Your objective — Word for word, restate the listing that follows and leave out the images.

Supplied data —
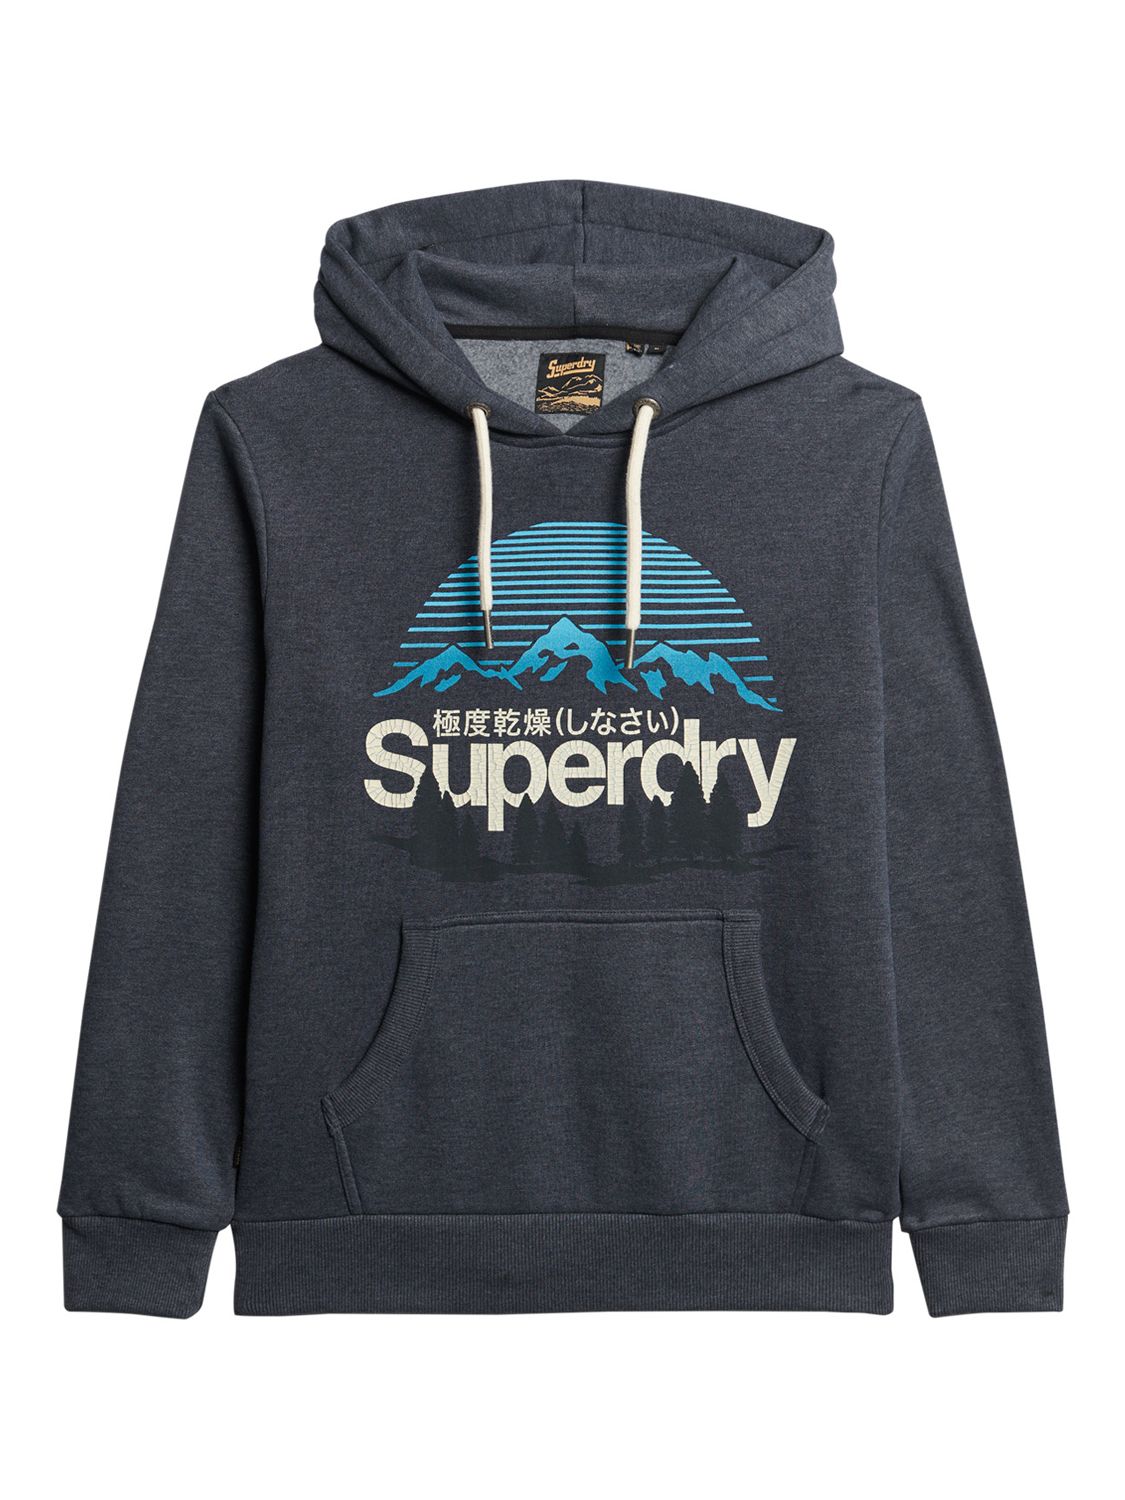 Buy Superdry Great Outdoors Logo Print Hoodie Online at johnlewis.com
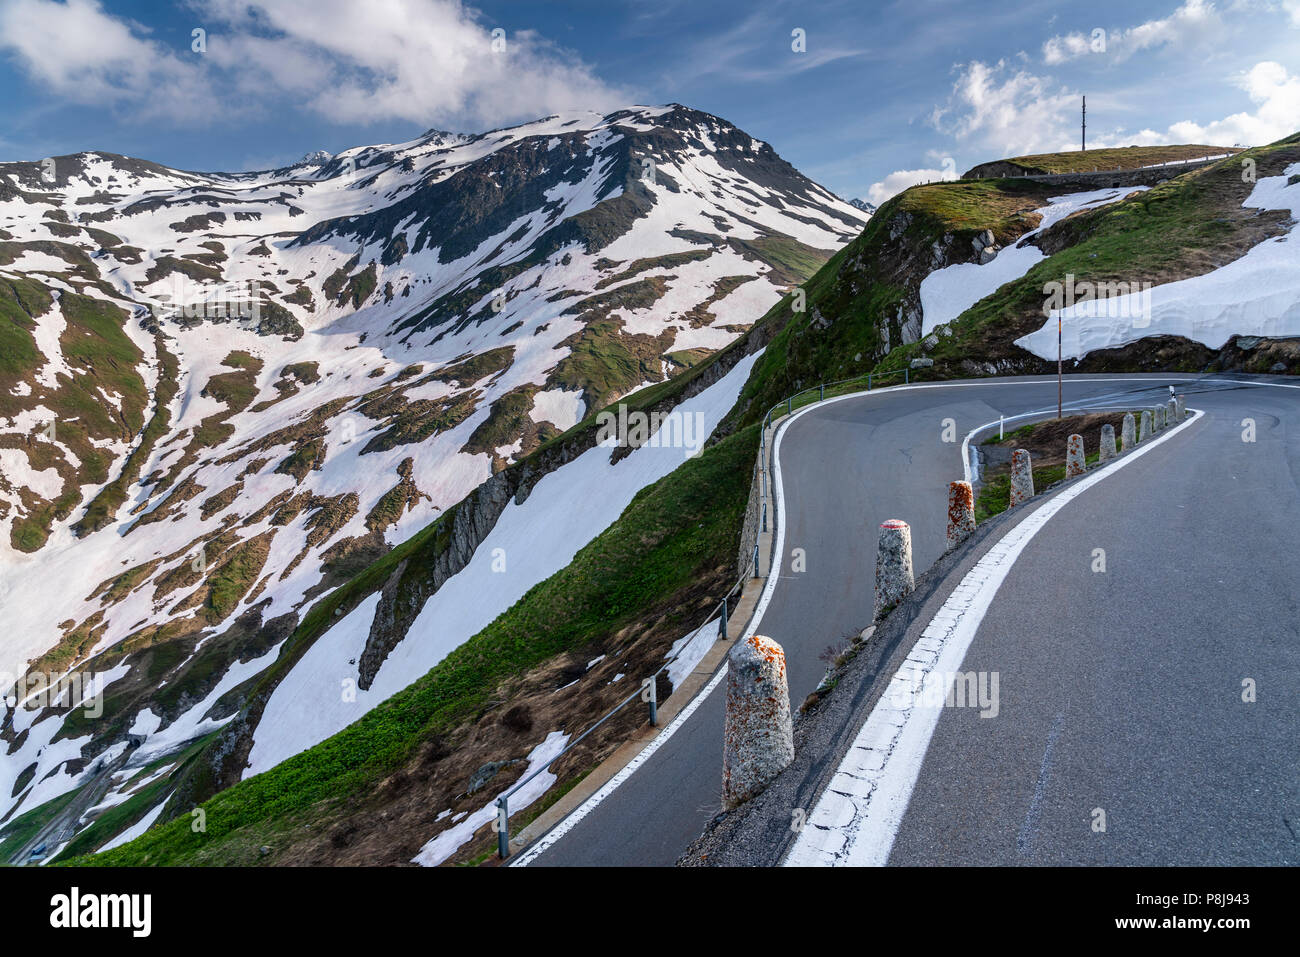 Mountain pass road Furkapass, Urserental, Canton Uri, Switzerland Stock Photo
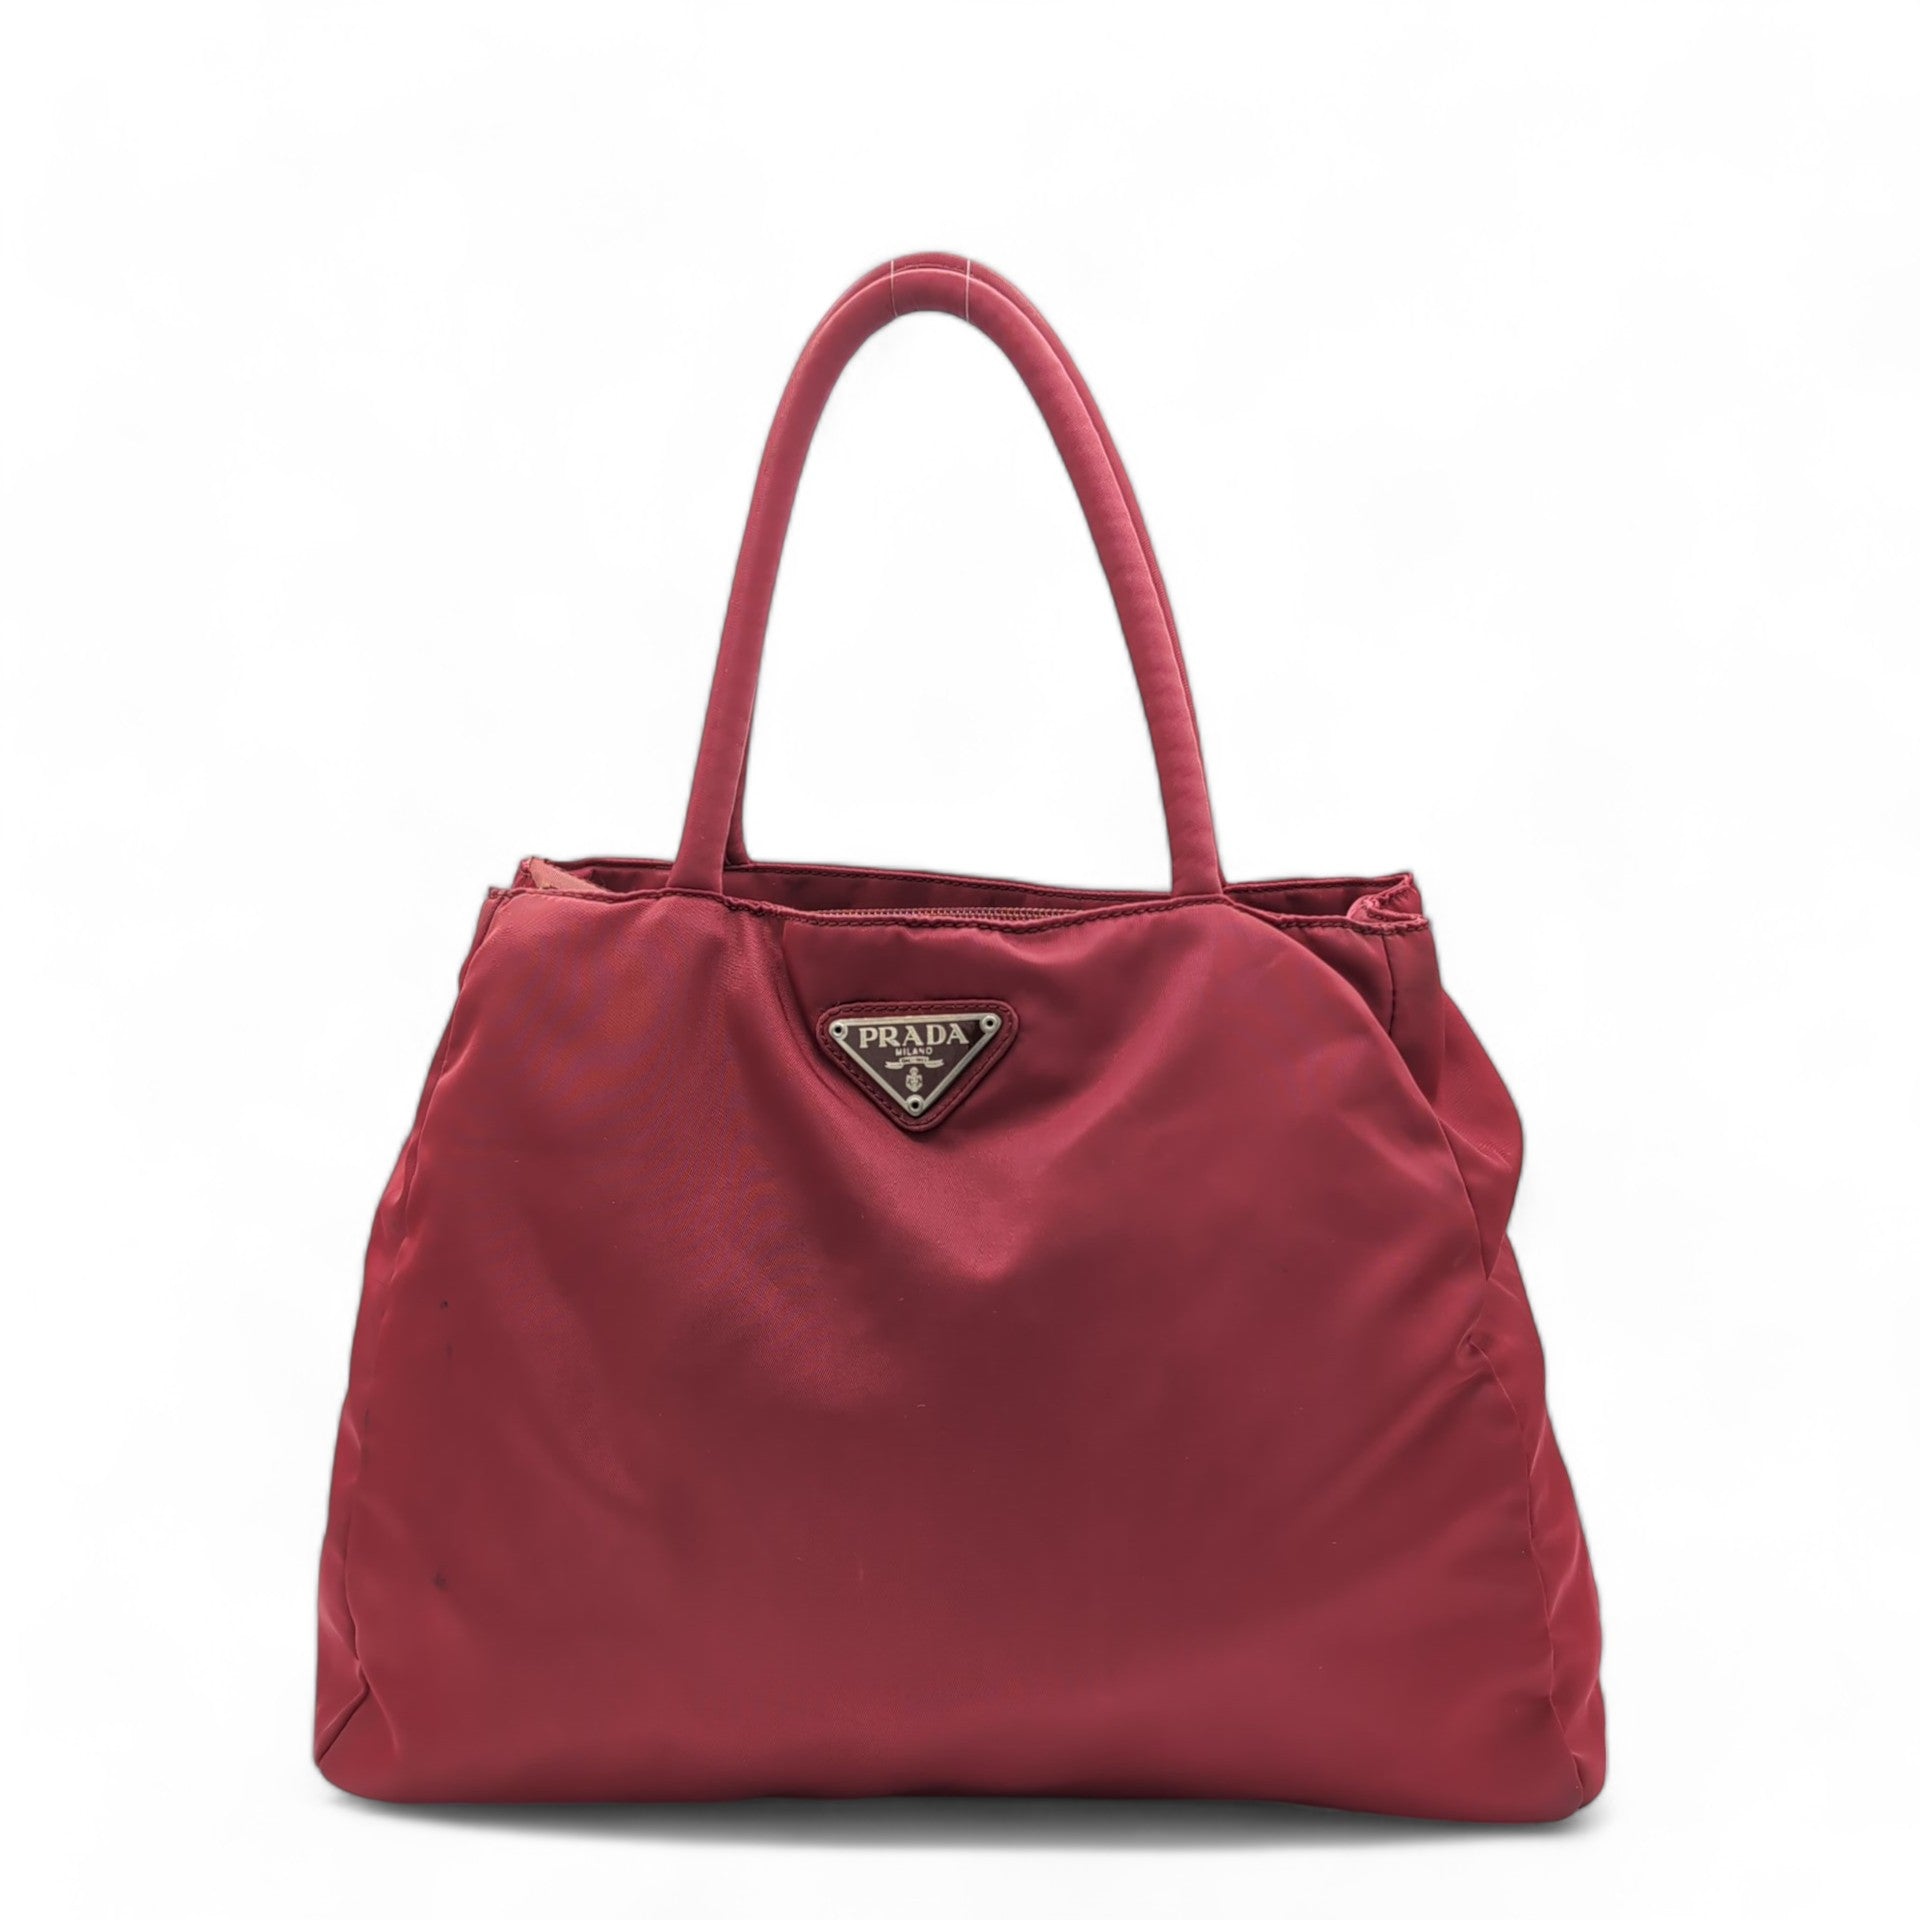 Prada Handtasche / Shopper aus Nylon rot

Answer to this exercise —
 Buy Superdry Great Outdoors Logo Print Hoodie Online at johnlewis.com
 Mountain pass road Furkapass, Urserental, Canton Uri, Switzerland Stock Photo
 Prada Handtasche / Shopper aus Nylon rot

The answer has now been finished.